What: It being the largest show during Paris Fashion Week (in terms of number of guests), the Chanel show is always such a spectacle with showgoers (ie. customers) dressed in their Chanel best. That clear PVC raincoat from SS18 you saw in the window? Already on a few ladies' backs at the show.
The Low-down: Each season, the Chanel invite offers a clue as to what to expect at the show. For AW18, the invite featured a red maple leaf, and by literal interpretation of 'Autumn/Winter', Karl Lagerfeld turned the Grand Palais into a forest filled with a slew of desirable looks, perfect for a stroll through the forest, and more. Particularly delightful were the oversized outerwear pieces with slightly exaggerated shoulder, tuxedo jackets transformed into dresses with oversized lapels that ended either at mid-thigh or grazing the ankles, cosy-looking knitted capes, and fabulous faur fur short jackets. Between the more generous-cut, and the bright colour pops throughout, there was something fresh, and vibrant in this new collection—perhaps it's also that Autumn/Winter is the season of change, and Lagerfeld is looking at the clothes through a renewed lens. "Chanel, it's life itself, clothes that have a possibility of life."
Buro Loves: The breathtaking show set, elongated classic tweed jackets, metallic culottes, the tracksuit look, faux fur jackets, aged gold knee-high boots.
Who: Elle Fanning made her catwalk debut by opening and closing the Miu Miu show. Other models who walked the show include Georgia May Jagger, Hanne Gaby Odiele and Slick Woods.
Where: Done by M/M Paris, the show space featured giant white screens that were printed with illustrations of alphabets and portraits of women.
What: The retro influences were complemented with beehive hairstyles and winged liners.
The Low-down: Miu Miu's collection this season caters to women of different personalities, with '60s and '80s influences peppered throughout. Outerwear wise, there were candy-coloured overcoats and tweed jackets, contrasted with leather coats with puffed sleeves and stonewashed denim. But regardless of the style, most looks were worn with white socks and Mary Janes that gave a sweet finish. Colour wise, take your pick from the wide range of colours offered, from fail-proof monochromes and girly pastels to bold hues. Miuccia Prada's idea of layering up? Pile on the layers over your décolletage, and flaunt 'em pins. When it came to dressier looks, retro-glam ruched floral numbers took the reign, with tasseled scarves that reminded us of quirky feather boas.
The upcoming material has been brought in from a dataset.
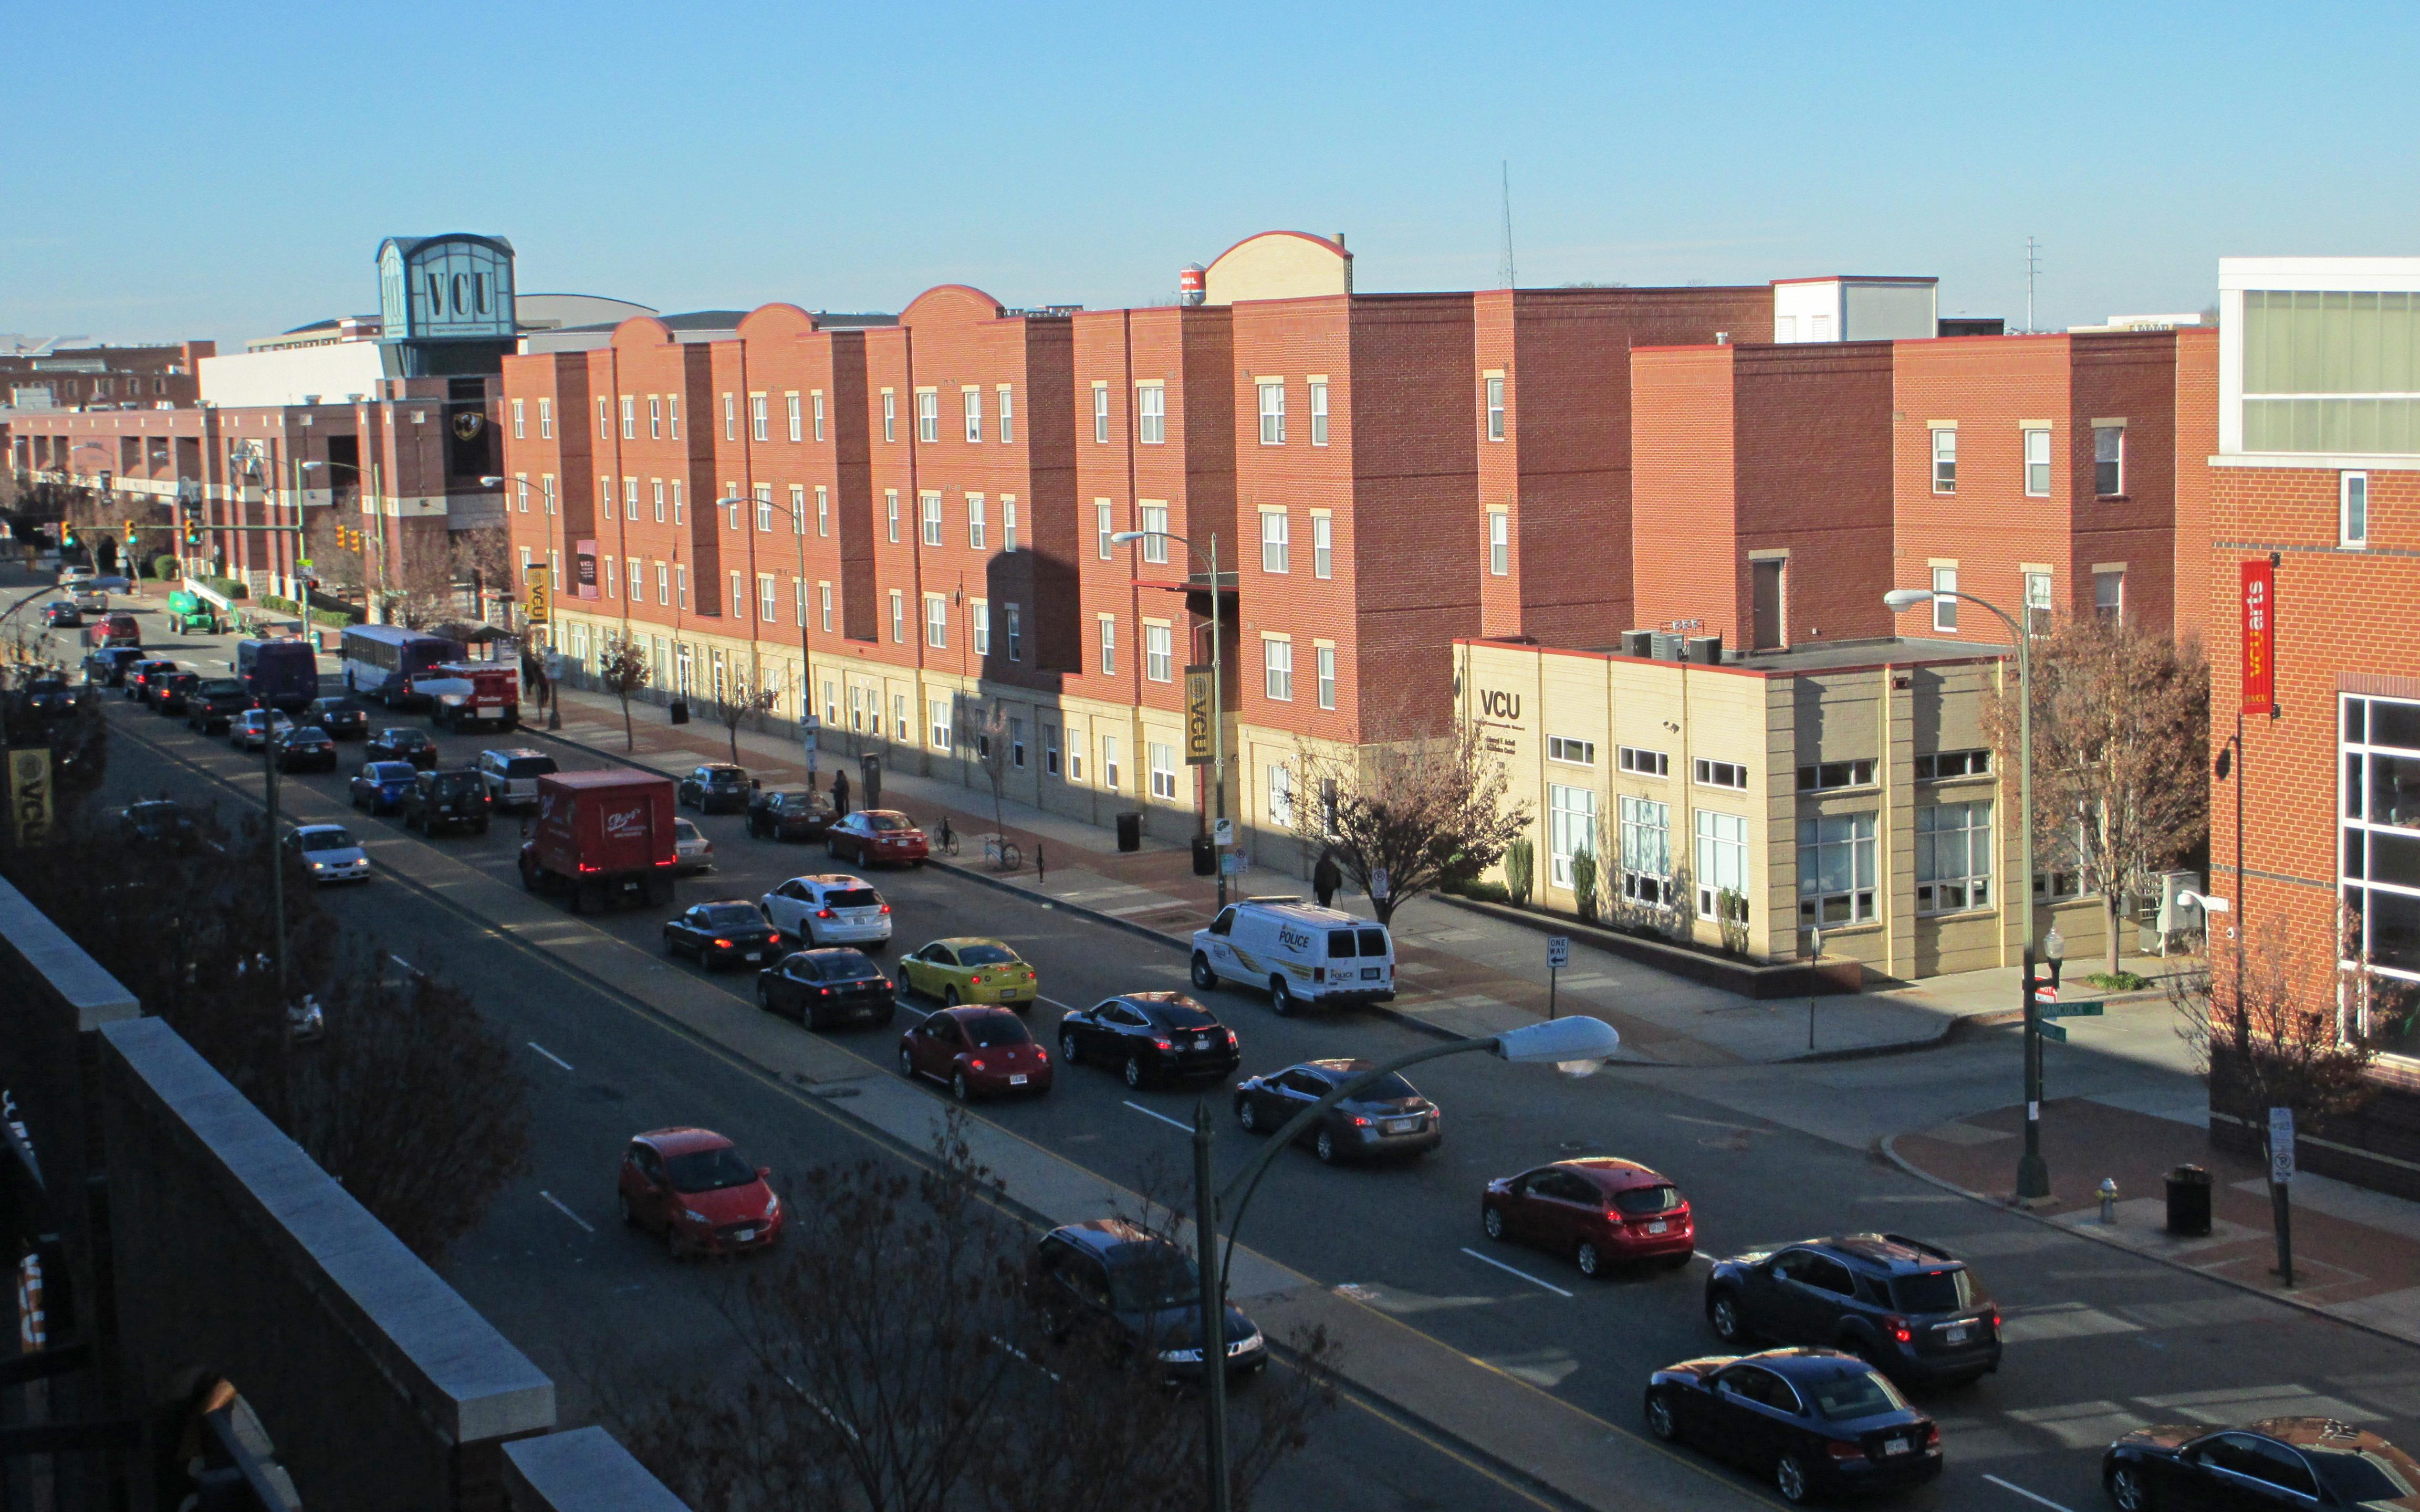 Vcu plans 7 5m dorm renovation richmond bizsense 3 bedroom apartments richmond va near vcu

Buro Loves: A trend to try this AW18? Double buckled belts.
Who: Arguably the most star-studded FROW of Paris Fashion Week, stars such as Emma Stone, Michelle Williams, Jennifer Connelly, Lea Seydoux, Sophie Turner, Chloe Moretz and Jaden Smith came out to play at the Louis Vuitton AW18 show.
Where: The show was held at the private Lefuel Court in the Louvre—a courtyard built in the '50s for Napoleon III—that features a horseshoe-shaped staircase that was transformed into a spaceship-like platform.
The Low-down: In a quiet attempt to join the #MeToo movement, creative director Nicolas Ghesquiere sent down oh-so-feminine looks that were inspired by women from the past, present and future. The line-up was made up of classic staples and urban silhouettes—Victorian coats and lace-up corset belts appeared alongside sporty stripes, and blazers came with sharp lapels and embroidered collars. Skirt-suits were given an edge, with a leather fringed top layered under, worn with a pair of graphic harness heels that are made for the modern-day women. "Sometimes we thought that to empower women in a cliché way was to put men's clothes on her, but we forget some very strong women were wearing very feminine outfits. I love this idea also to explore that, to have women that changed the world and that were not dressing like men," Nicolas Ghesquiere told WWD backstage.
Buro Loves: The striped details that were strategically placed on shoulders, sleeves and waist. Zoom in on the accessories and you'll notice the shiny arm candies that complemented the futuristic elements of the show.